Exercise aim: From the entries below, retype only the lines from the one with "Sivalya Athens Gray" through the one with "Good fences Gehring", exactly as written.

Records for the task:
- Opening Delimiter -
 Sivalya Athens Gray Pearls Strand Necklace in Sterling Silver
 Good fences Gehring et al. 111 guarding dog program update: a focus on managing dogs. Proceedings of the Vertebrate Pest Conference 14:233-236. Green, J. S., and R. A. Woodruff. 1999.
- Closing Delimiter -
- Opening Delimiter -
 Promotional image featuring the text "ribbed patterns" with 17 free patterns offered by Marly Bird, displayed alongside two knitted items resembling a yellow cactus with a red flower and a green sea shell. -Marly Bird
- Closing Delimiter -
Answer to this problem:
 Sivalya Athens Gray Pearls Strand Necklace in Sterling Silver
 Good fences Gehring et al. 111 guarding dog program update: a focus on managing dogs. Proceedings of the Vertebrate Pest Conference 14:233-236. Green, J. S., and R. A. Woodruff. 1999.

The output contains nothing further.